Being the Cheese Man’s Daughter


by Ava Champion

You may know that we are a combined family, originally Autumn living with my dad Eric, and me living with my mom Ali. Dad has been a cheese-kind-of-guy ever since I can remember, which is when I was five, when my Mom married my Dad.
From a very young age, cheese has been a part of my life, but for Autumn, my stepsister, she has been around it all her life. You would think being around it so much, you might get annoyed with it, and you guessed right.
I remember one time, Autumn and I were talking about how we wished we were normal. Now, mind you, we were around seven or eight, and normal doesn’t have a very good definition for little kids. Our idea of normal included: not eating healthy, not going organic, eating at McDonalds, and most of all, NOT EATING CHEESE. Now you can probably imagine how heart-breaking that must have been for my Dad. How could any kids of his not like cheese?
But it turns out, we at eight were the only ones who thought like that. My brother Terran loved and still loves cheese. I used to think that Terran only did that because he wanted to be like Dad, but now I realize that he genuinely likes cheese.
I once asked my Dad why cheese makes people so happy, I mean it smells! He responded by saying, “Cheese tastes great and it reminds people of their travels and trips. They have happy memories of cafes they went to in France, and restaurants they went to in Italy, so naturally, they want to remember.”
Now I can understand that to some degree. You see a cheese from France, you want to remember your honeymoon. (At least my parents do, having gone to Paris for theirs.) Or you see an Italian cheese, and you remember going there on a trip with your school. (Of course you want to remember that because you spent a lot of money to go!) But when I see people buying cheese, I don’t think everyone has been traveling before. Not everyone has the time.
I see people being engaged in conversations with my Dad, and they seem drawn to him. I don’t know what it is, and I am one of his daughters! But since people love talking to him, and he loves cheese, naturally people end up liking the cheese just because Dad does, and talks about it. He seems to draw people in with his own fascination with the cheese, and I think that is what makes people the most happy to see our cheese stand. Someone who is happy with their job is one big step towards happy customers. The next step is local, and then the third is the variety. All that alone seems to make people like cheese if it isn’t my Dad.
When I was younger, there was this book in our house called The Old Man Who Loved Cheese. Autumn would always ask my dad to read it to her, before I came into the picture, and boy did he hate it. In it, it talked about this guy who loved cheese, the stinkier the better, and everyone was overwhelmed by the smell. Eventually he gave up cheese altogether because it was pushing everyone away, which is not a great moral, because the man was giving up something that he really loved. Why my Dad hated that book, I can hazard a few guesses: because not all cheese is stinky, because the guy in the end gives up cheese, and because Autumn had him over-read it, but most likely because the cheese was ‘stinky.’ And although my Dad hated it, let me tell you, it is a well worn book in our house. That and The Stinky Cheese Man and Other Fairly Stupid Tales. The Stinky Cheese Man runs around the pages of the book like the Gingerbread Man, bragging about no one being able to catch him. In the end the fox tricks him and eats him up, which is very nice for the fox, and not so much for the Stinky Cheese Man. It’s pretty encouraging for the people who, like the fox, like to eat stinky cheese!

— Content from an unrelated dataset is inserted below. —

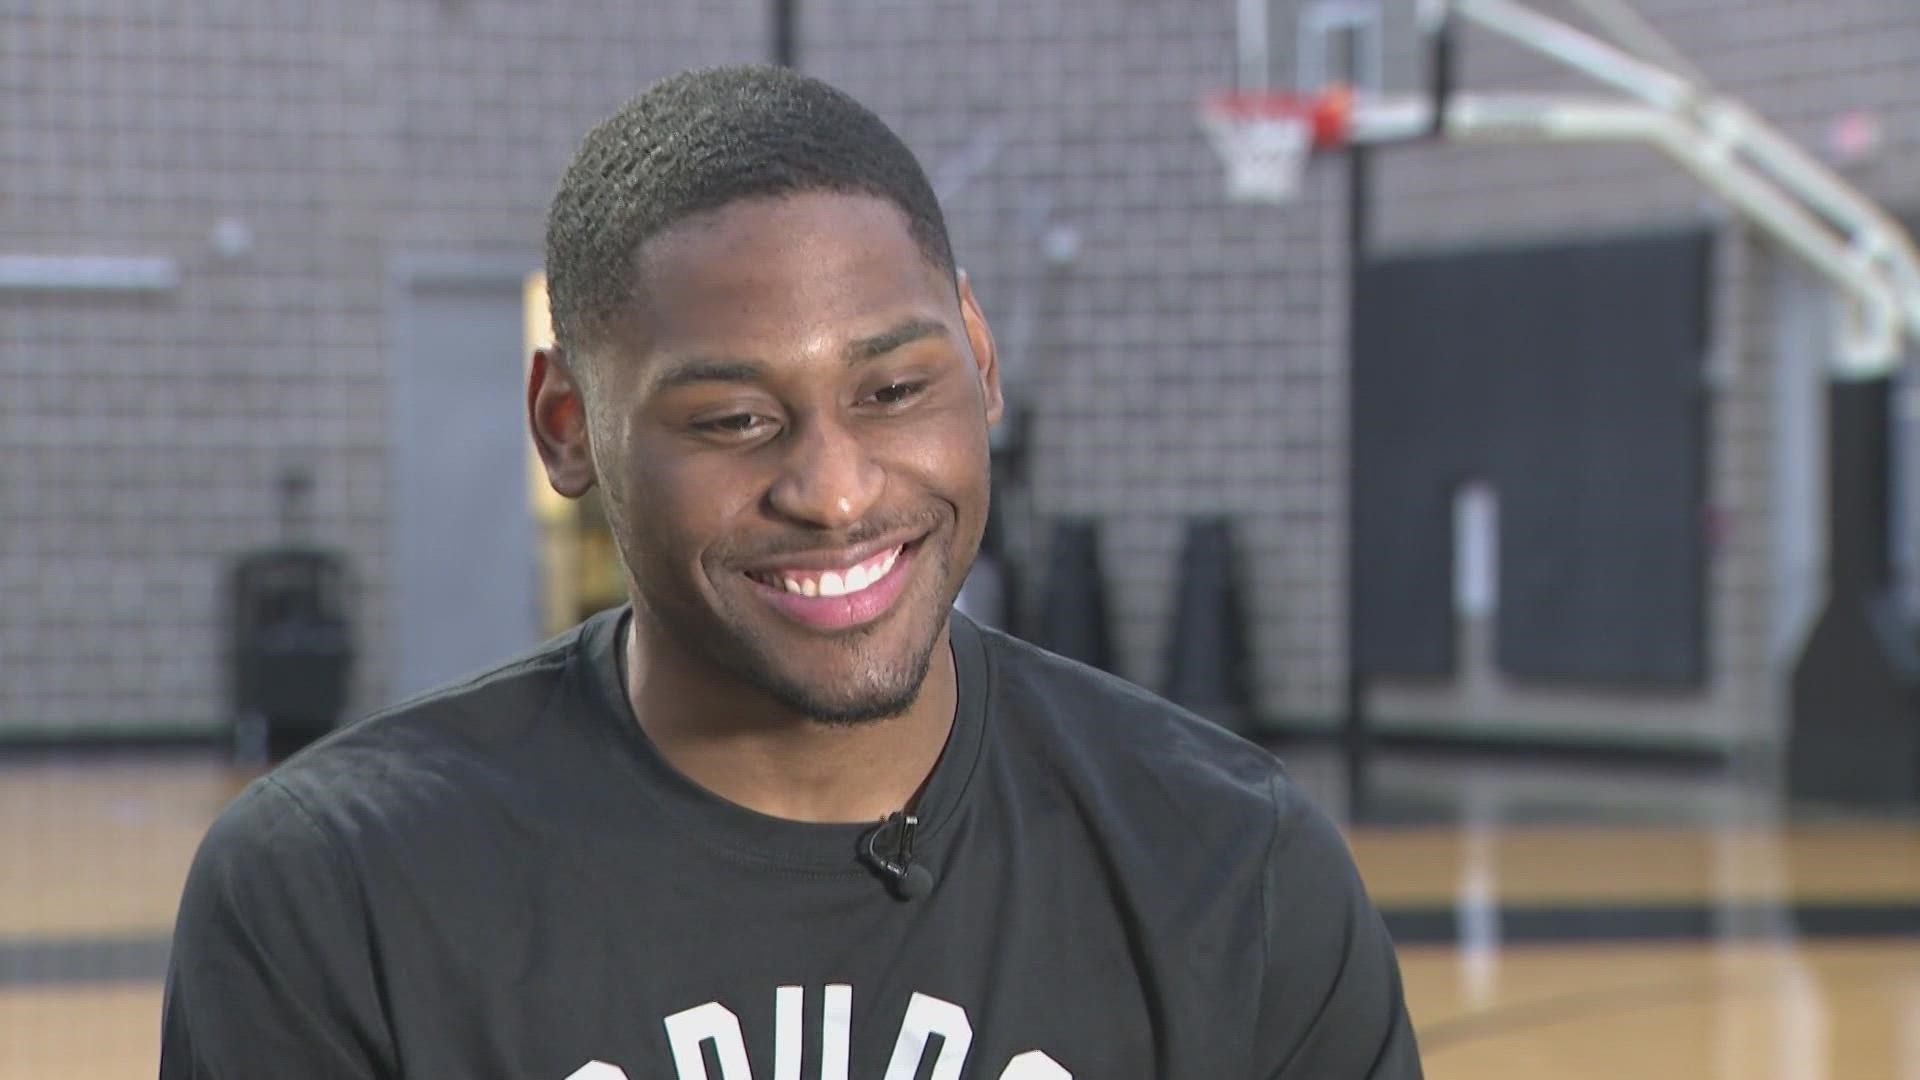 After being selected 20th overall in last month’s NBA Draft, Branham continues to make a seamless transition to the Alamo City with an infectious smile.

One day, after market, Dad asked Autumn and me which one was stinkier: Cheese or Fish. We both said FISH at the same time, automatically. You might think that because we live around cheese, we are immune to the smell and we should know better, having read all those stinky cheese books, but it seems that most people who come up to our booth are there originally because of the smell. Some people say they are just smelling all the cheese when I ask them if I can help them, and others say that they smelled it and wanted to see what it was. If cheese is so stinky, then why does the smell draw people over? It is not so much as stinky, as just a strong aroma. And even Autumn is not immune to the worst of the strong cheese. There are smelly cheeses. Just not all are.
Cheese is good, but my Dad selling it makes it even better. Autumn and I used to (and still do) like to brag about how our Dad started the cheese department at the Honest Weight Food Coop. People would look at us like we were all cute and little kid-ish, then turn to my Dad and ask, “Really?” It was almost as if they were praising him for how well it is going. Or it would be a ‘really’ as in ‘hmm, let me check out The Cheese Traveler. It must be good if this guy started it at the Coop.’ Those ones would and always will make my heart swell.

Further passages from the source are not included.